## Data block

=-=-=

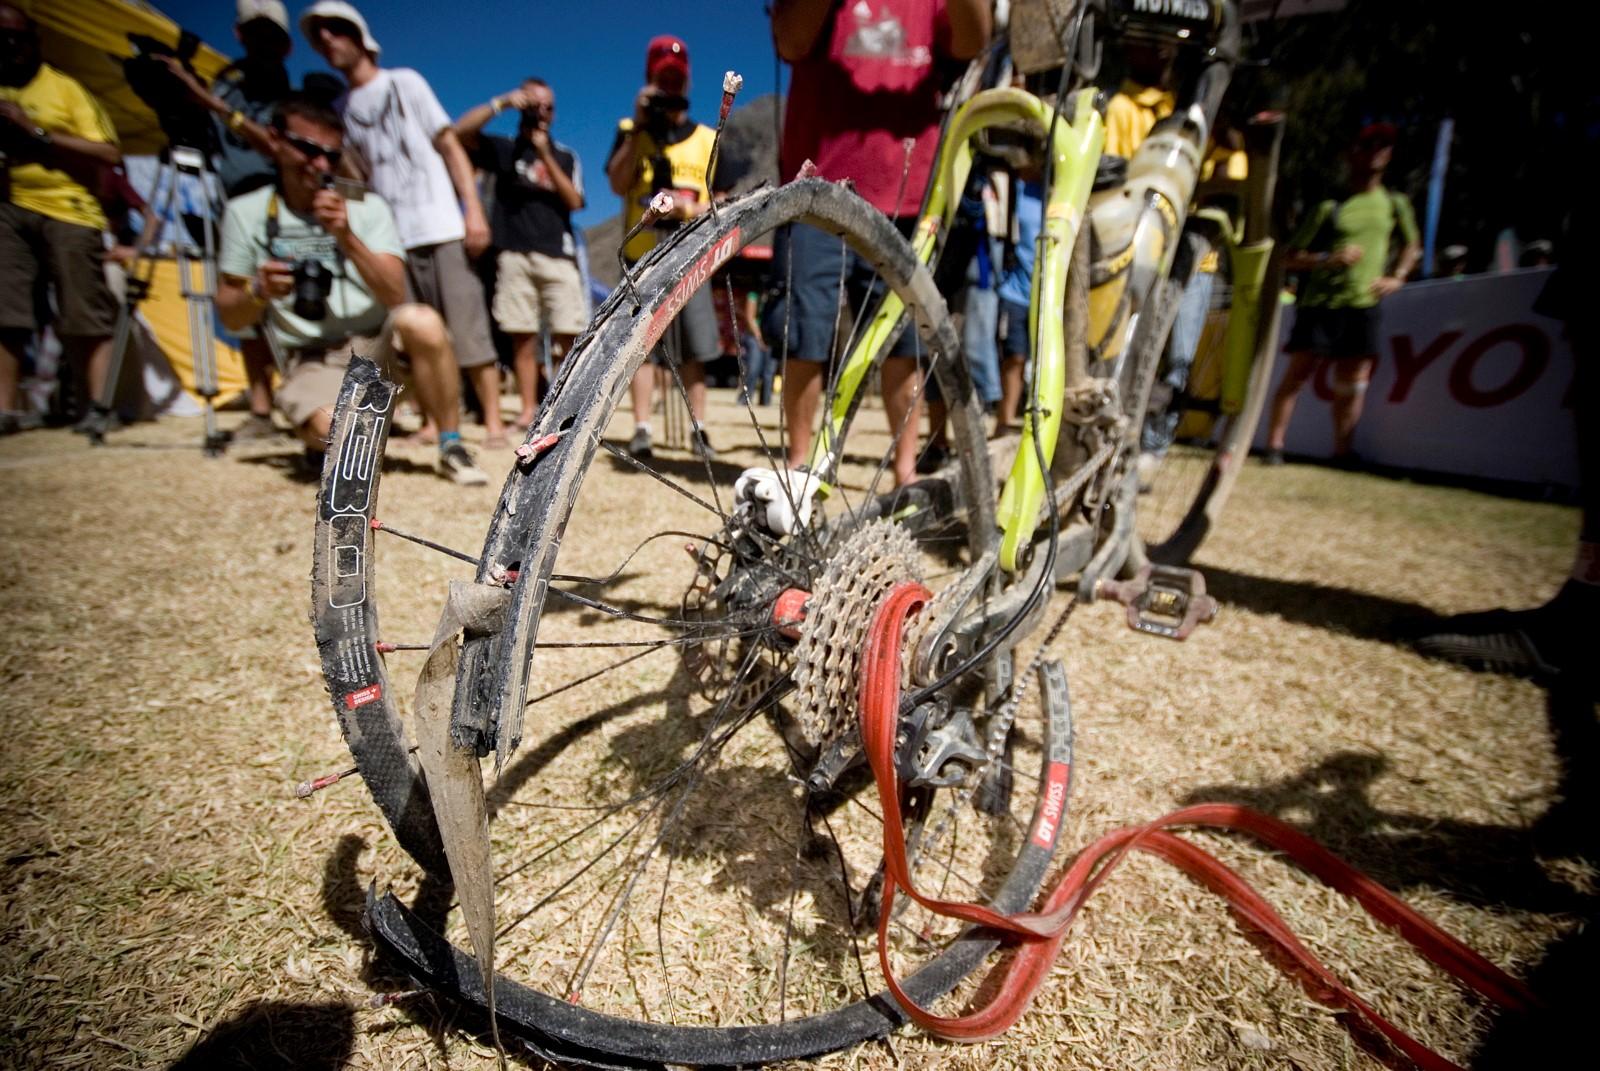 Totálně zničený ráfek. Výsledek bojů na Cape Epic. Foto: Michal Červený
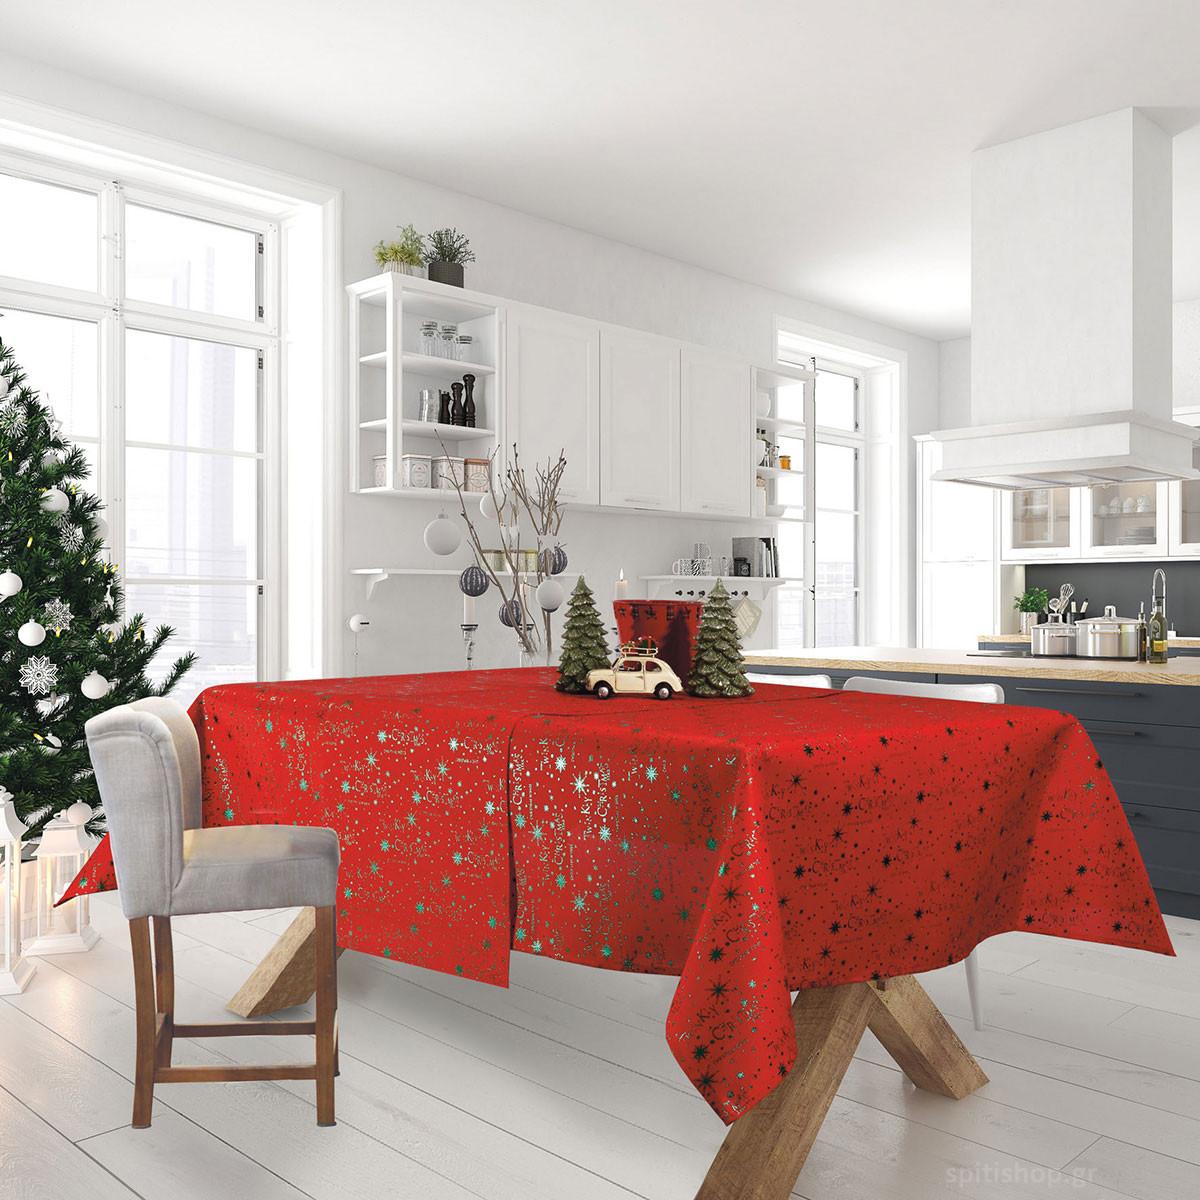 Χριστουγεννιάτικο Τραπεζομάντηλο (140×220) Das Home Xmas 574
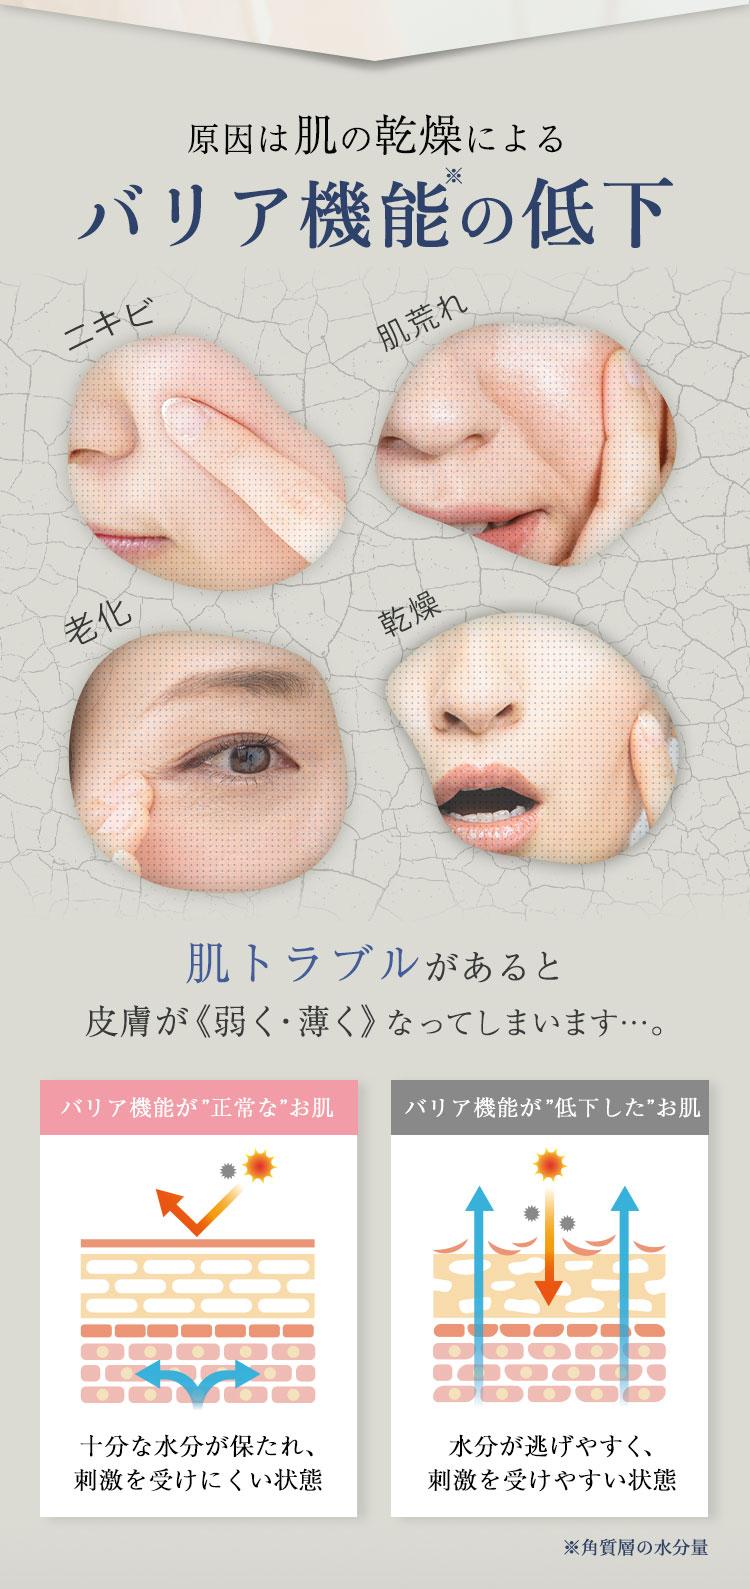 肌の乾燥によるバリア機能の低下 肌トラブルがあると皮膚が弱くなってしまいます…
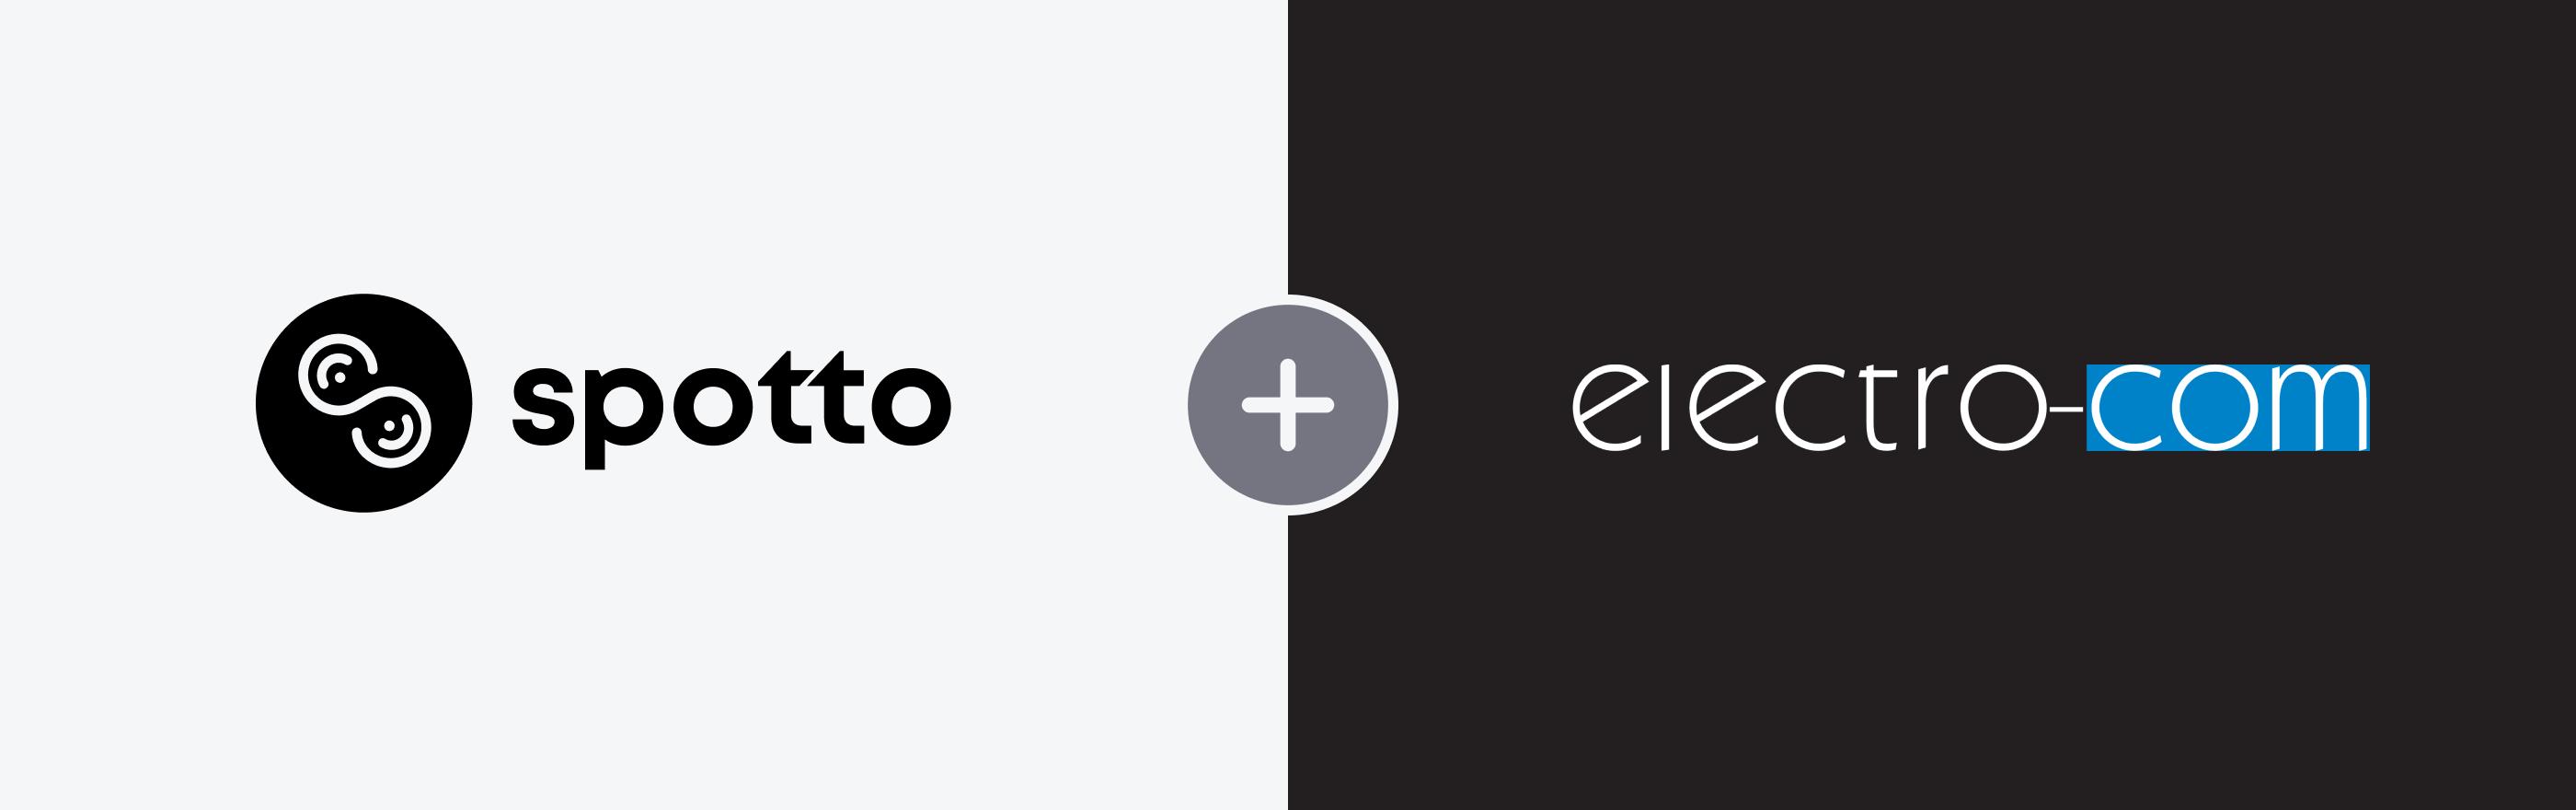 Spotto and Electro-Com logos

=-=-=

## Work order
Your task is to repeat only the lines from the line containing "Χριστουγεννιάτικο Τραπεζομάντηλο (140×220)" through the final line of the material, inclusive; do not include pictures.

## Problem solution
 Χριστουγεννιάτικο Τραπεζομάντηλο (140×220) Das Home Xmas 574
 肌の乾燥によるバリア機能の低下 肌トラブルがあると皮膚が弱くなってしまいます…
 Spotto and Electro-Com logos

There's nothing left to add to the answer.